O Homem Que Plantava Árvores é um conto, escrito por Jean Giono, inspirado em acontecimentos verdadeiros, que narra a história de um pastor que do nada faz surgir uma floresta inteira, numa das regiões mais inóspitas de França. Quando o leu, Miguel Teles, geógrafo, sentiu uma profunda identificação. Nos últimos anos, também ele já perdeu conta a quantas árvores plantou. Descobri que a enxada e o meu ombro encaixam perfeitamente. É uma aptidão natural”, revela com entusiasmo. Na associação Plantar uma Árvore, à qual preside, persegue uma utopia: “Levar cada pessoa a plantar uma árvore por ano”. Ao longo dos seus 38 anos, Miguel já passou por áreas tão distintas como planeamento e ordenamento, engenharia geográfica, cartografia ou consultoria na área do turismo. Foi preciso ficar desempregado para descobrir o local onde lhe apetece finalmente criar raízes. “Plantar uma Árvore foi um projecto que mudou tudo. É isto que me imagino a fazer para o resto da vida”. Prestes a ser pai pela primeira vez, Miguel Teles participa encantado no concretizar vagaroso do tal sonho de plantar um bosque inteiro.

 

Como surgiu a Plantar uma Árvore na sua vida?

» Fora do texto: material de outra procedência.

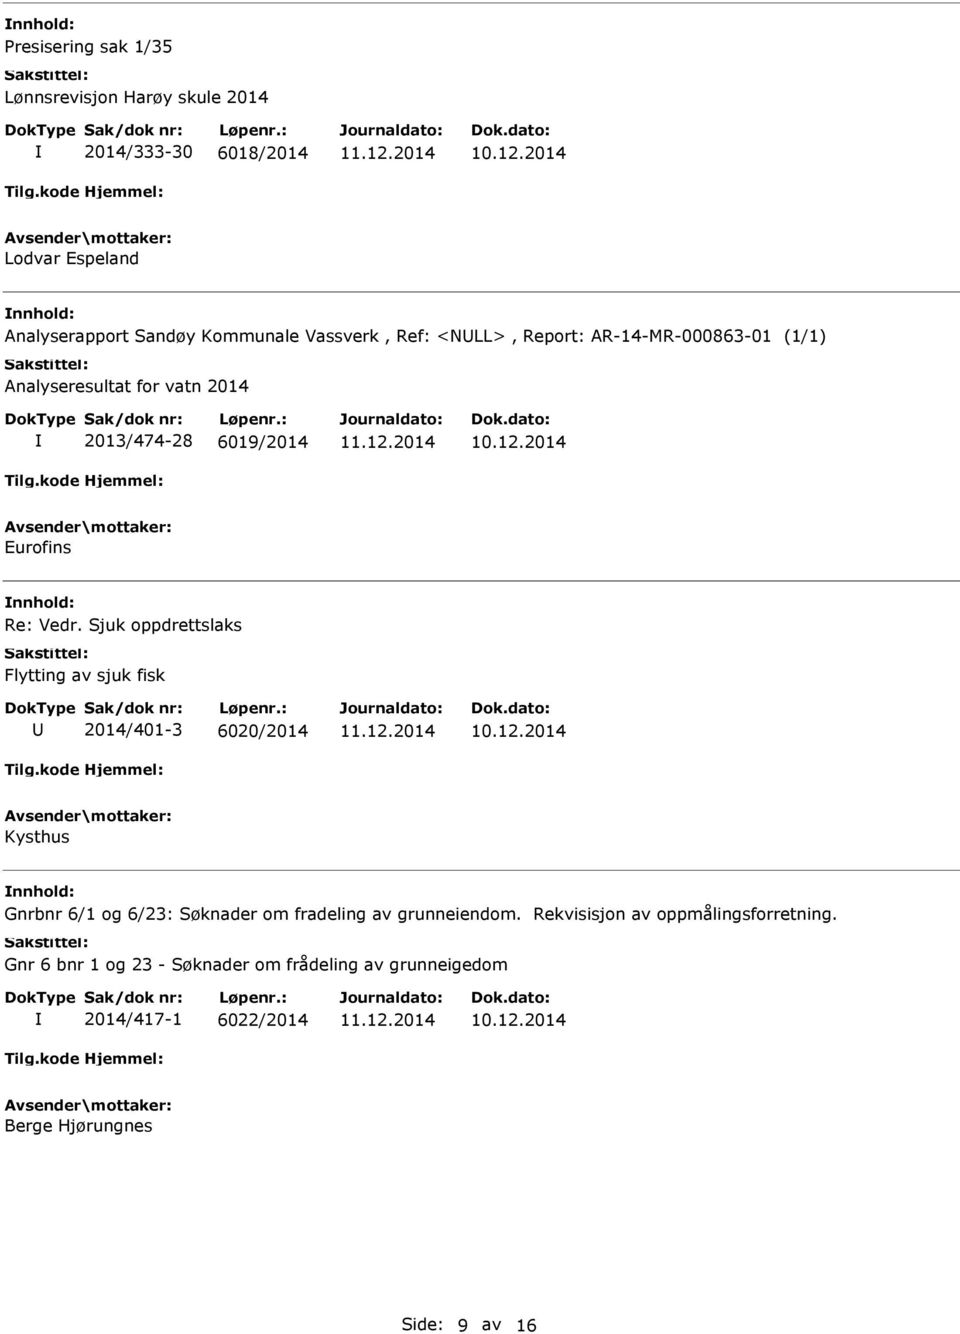 Sjuk oppdrettslaks Flytting av sjuk fisk 2014/401-3 6020/2014 Kysthus Gnrbnr 6/1 og 6/23: Søknader om fradeling av grunneiendom.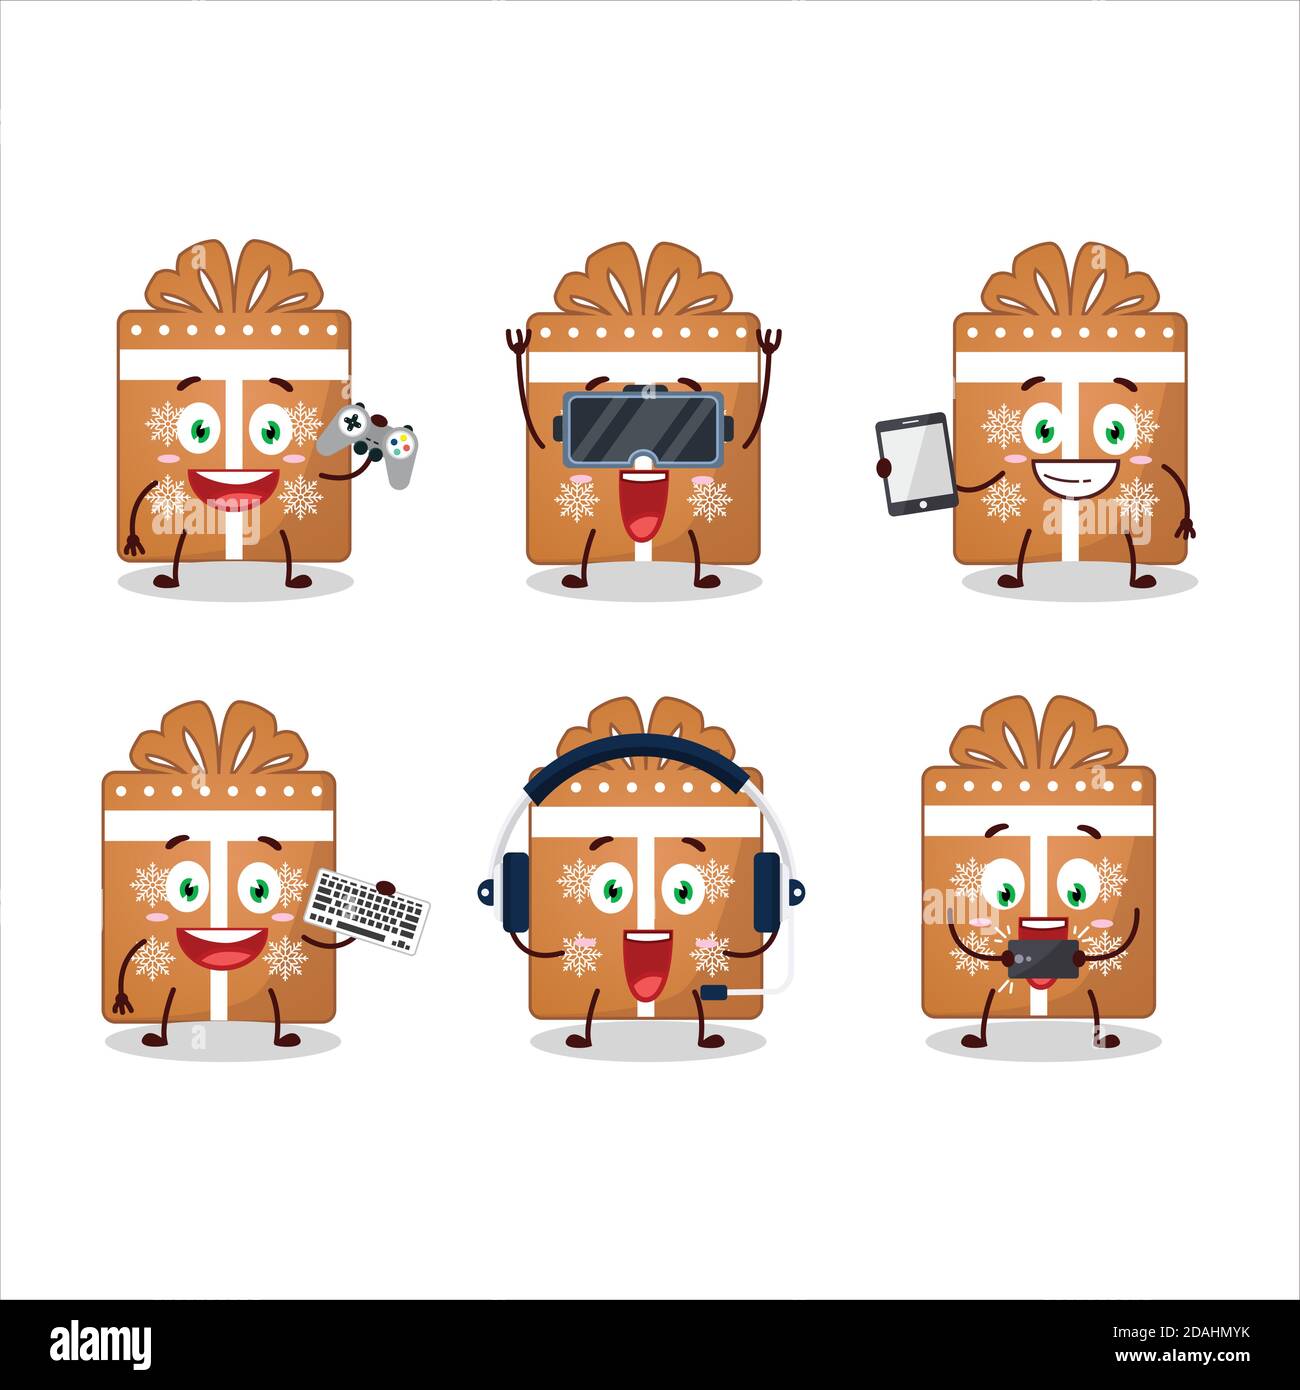 Les cookies de cadeau personnage de dessin animé jouent à des jeux avec divers mignon émoticônes Illustration de Vecteur

Coincidiu com uma fase pela qual estava a passar de falta de identificação em termos do meu esquema de valores e ideais. Sentia que precisava de fazer algo e, na altura, envolvi-me no movimento Limpar Portugal. Entusiasmado, procurei outras iniciativas e fiquei a conhecer a Plantar uma Árvore. Ofereci-me como voluntário e apaixonei-me rapidamente por todas as suas iniciativas.

 

A Plantar uma Árvore também começou como movimento.

Sim, a Plantar uma Árvore começou em Novembro de 2009, como movimento de cidadania. Um grupo de amigos, após a típica vaga de incêndios de Verão, resolveu agir e, através das redes sociais, convocaram amigos, colegas, vizinhos e familiares para um dia de plantação. O resultado superou as expectativas e, no Dia das Florestas Autóctones, juntou cerca de 300 pessoas que plantaram 1.000 árvores em Monsanto, em Lisboa. Percebeu-se que era uma forma muito simples e apelativa de mobilizar as pessoas.

 

Como passou de voluntário a presidente da associação?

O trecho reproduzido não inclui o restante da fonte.